2020 Marrakesh E-Prix Preview

This weekend, Formula E travels to Morocco for Round 4 of the 2019/2020 Championship. Stuart Garlick previews the race and some of the best attractions in Marrakesh.

It wasn’t always going to be this way, but ABB FIA Formula E is returning to Marrakesh on Saturday 29 February. This year’s race is a late replacement for the Hong Kong E-Prix, which was cancelled amid ongoing unrest in the city. Marrakesh has staged three races in the past four seasons of Formula E and while it may not be universally popular with media and teams, it’s definitely a good option for European travelers craving a bit of warmth and sunlight during the winter.

Added to that is that the 2020 Marrakesh E-Prix actually takes place on Leap Day (February 29), a day which only happens once every four years, and which, in an Irish tradition which was exported to the UK, was thought to be the only day when women were permitted to propose to men. Following on from the Mexico City race, which took place right after Valentine’s Day, Formula E is turning into, at least superficially, a championship for those who seek romance.

Andre Lotterer probably doesn’t agree with that statement, having been edged out at the first corner in Mexico City by Mitch Evans, with the New Zealander in the Jaguar going on to post one of the most dominant victories in Formula E history. Evans now leads the title race by one point from Mr. Calm himself, BMW i Andretti’s Alexander Sims, with DS Techeetah driver Antonio Felix da Costa another seven points back. Formula E has a history of close title fights, and this year is shaping up to be no exception.

Best of Marrakesh

It’s crowded at the top of the table, and that’s a word you could also use to describe this bustling Moroccan tourist hub. Marrakesh was founded in 1062, but Berber farmers had lived there long before that. These days, it’s a popular haunt for British tourists, thanks to cheap flights from Ryanair and EasyJet. Plenty of other European discount carriers also service the city.

The circuit is situated in the Agdal area of Marrakesh, only a couple of kilometres from the airport and a cheap and quick taxi ride from the city centre. As with the Santiago E-Prix circuit, the track at Marrakesh is built next to a major public nature spot – in this case the Agdal Gardens (Jardins d’Agdal), 400 hectares of botanical gardens which were created in the 13th century and which today is home to a large carp pond.

Another must-see garden in Marrakesh is Jardin Majorelle. The boldly colored villa here is great for sightseeing and selfies, and the 2.5-acre garden will reinvigorate you on the hottest of days. It took 40 years to complete the garden, which was eventually co-owned by fashion designer Yves Saint Laurent, a new museum about whom is now open adjacent to the garden. Within the garden’s grounds, you can also find the Islamic Art Museum, which is well worth taking the time to visit.

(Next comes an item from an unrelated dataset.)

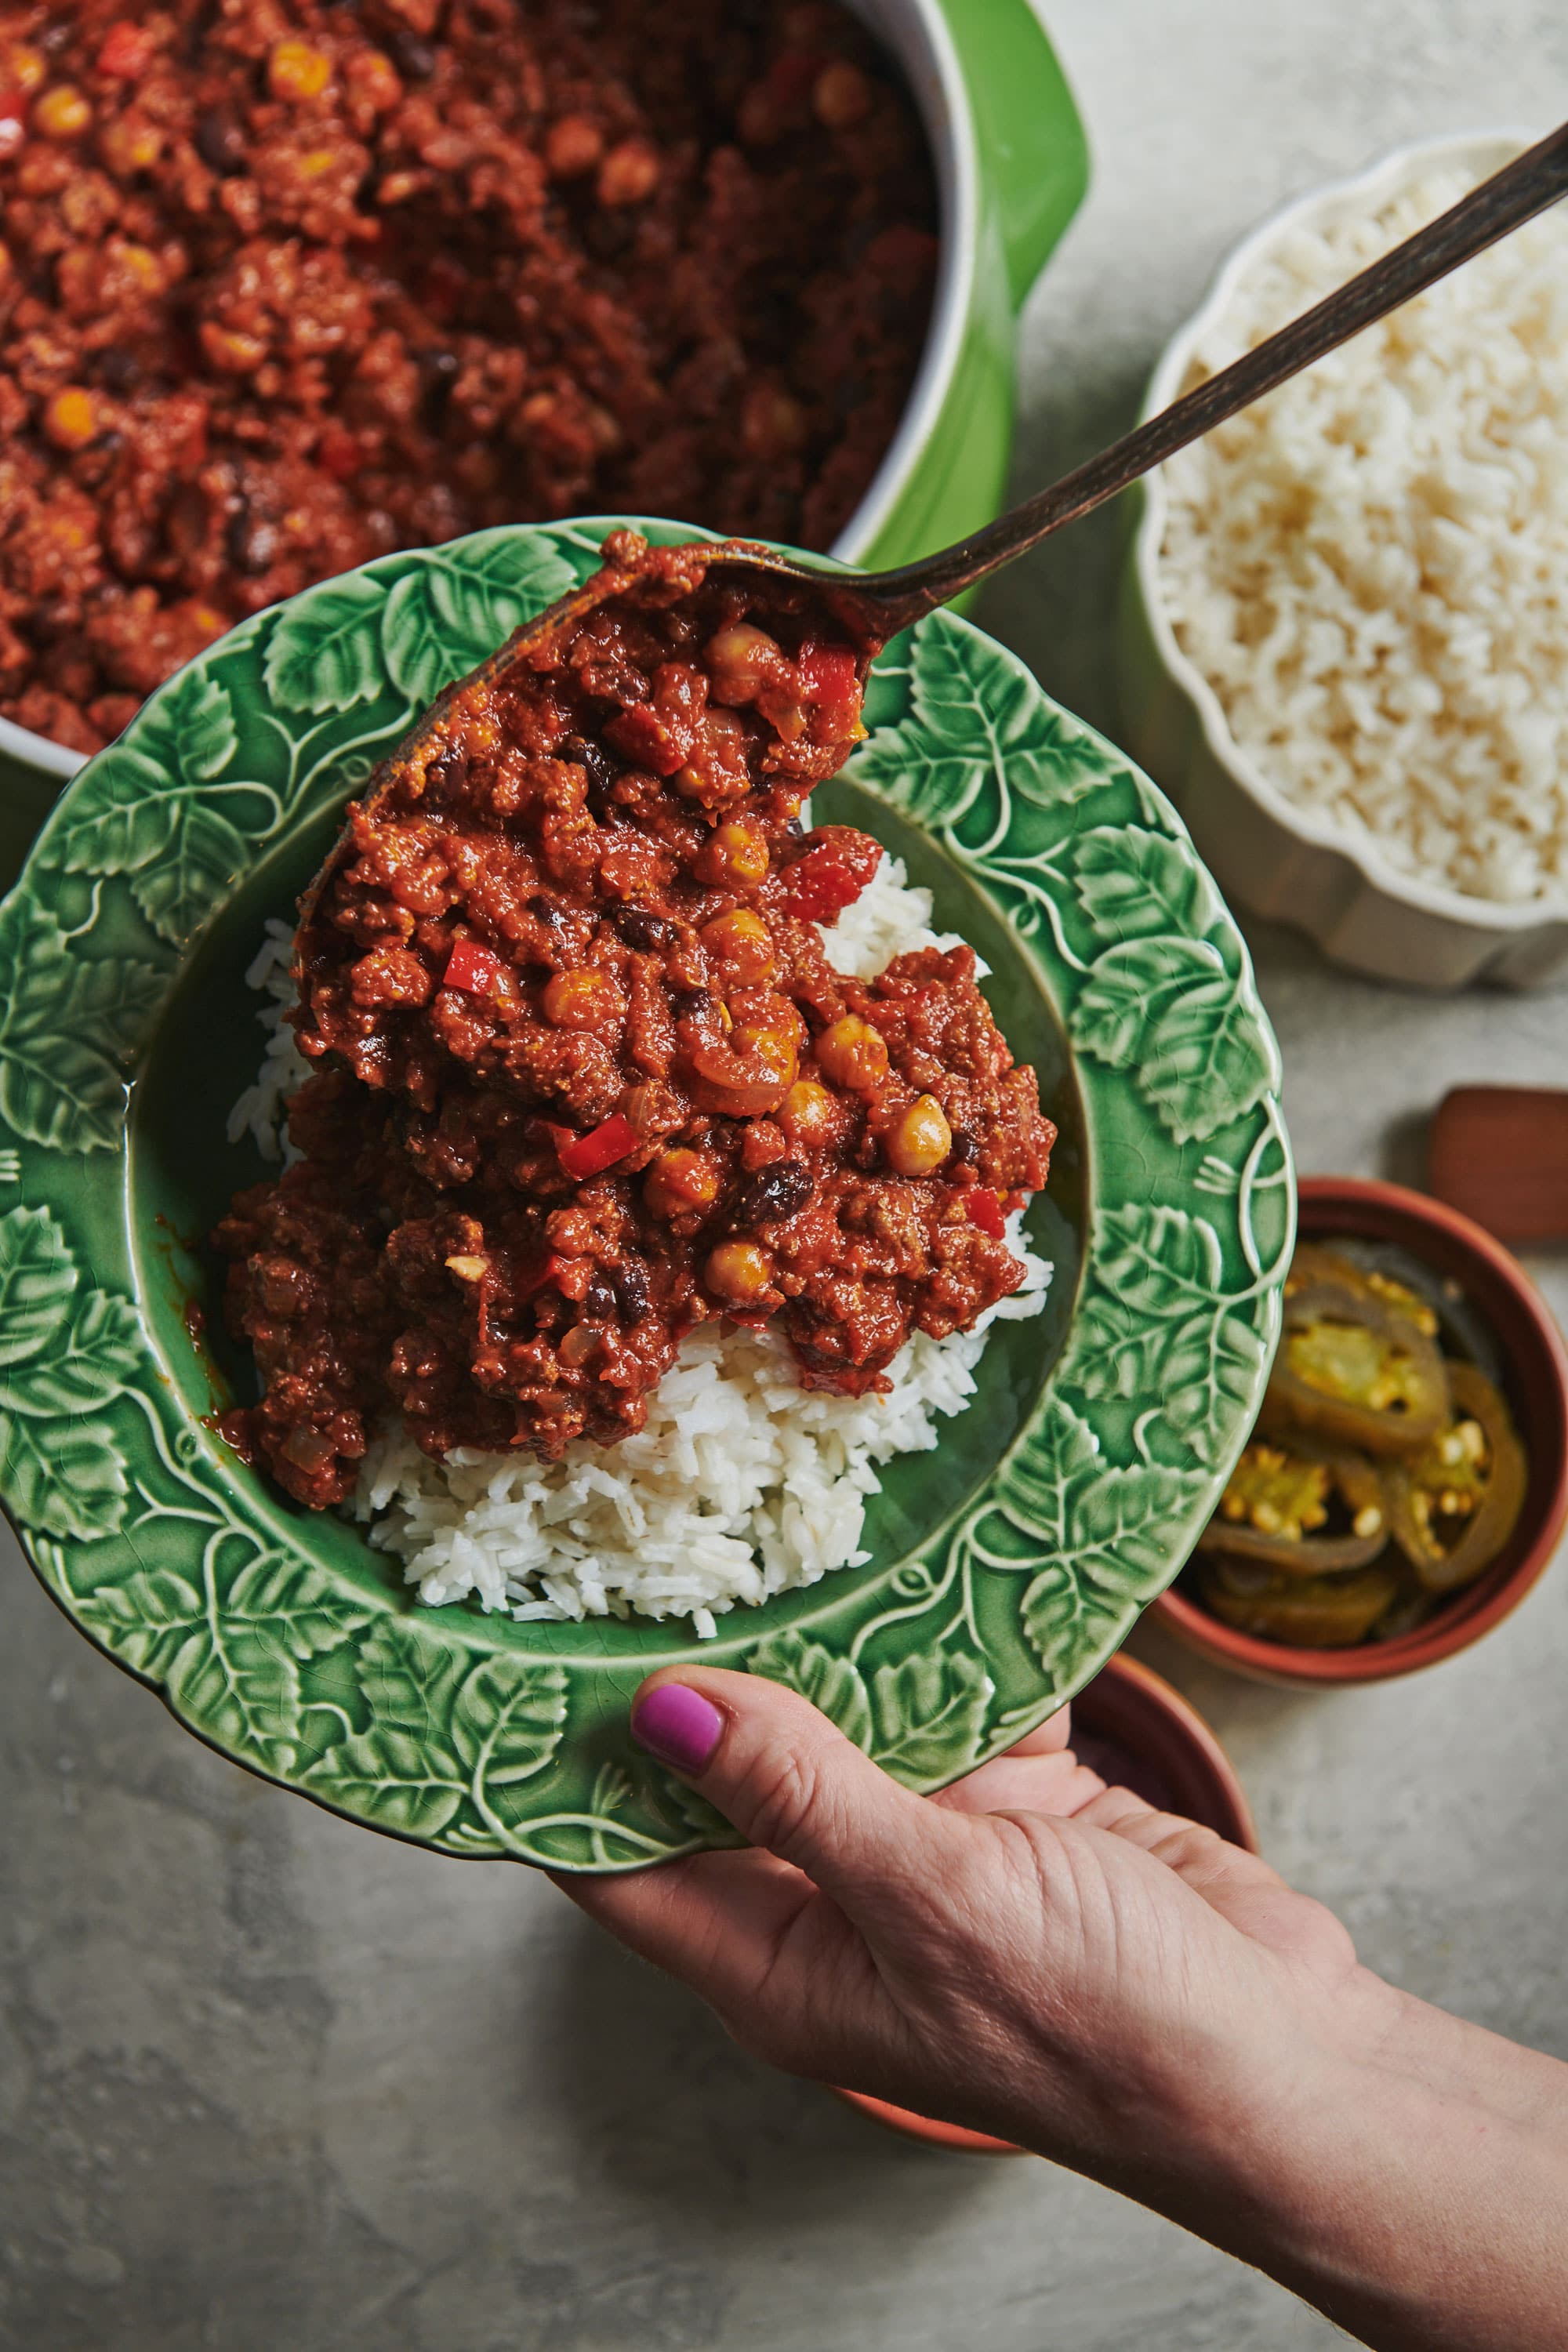 Spoon serving Ground Beef Chili over rice.

One place you simply have to see when in Marrakesh is the Medina, a traditional market where you can find literally everything, including spices, clothing, and other souvenirs to take home. You are advised to be wary – it can be a major tourist trap for the unprepared, with plenty of people willing to put on a show, but then expecting payment. The same goes for having photos taken with snakes and other animals. Be very clear about your intentions and your actions, and consider leaving cards and expensive electronic devices at the hotel. The Brigade Touristique (Tourist Police) has a strong presence around the most frequented areas of the city, but pickpocketing is still a potential threat.

There are a number of laws to bear in mind before travelling to Morocco for the first time. One is that alcohol is permitted, but drinking in public is not. You can, nonetheless, purchase alcoholic drinks in supermarkets and convenience stores – but the key is to be respectful to the local culture, and if you think you might not be allowed to drink in a particular place (such as a balcony in a rented apartment, where it is forbidden), err on the side of caution.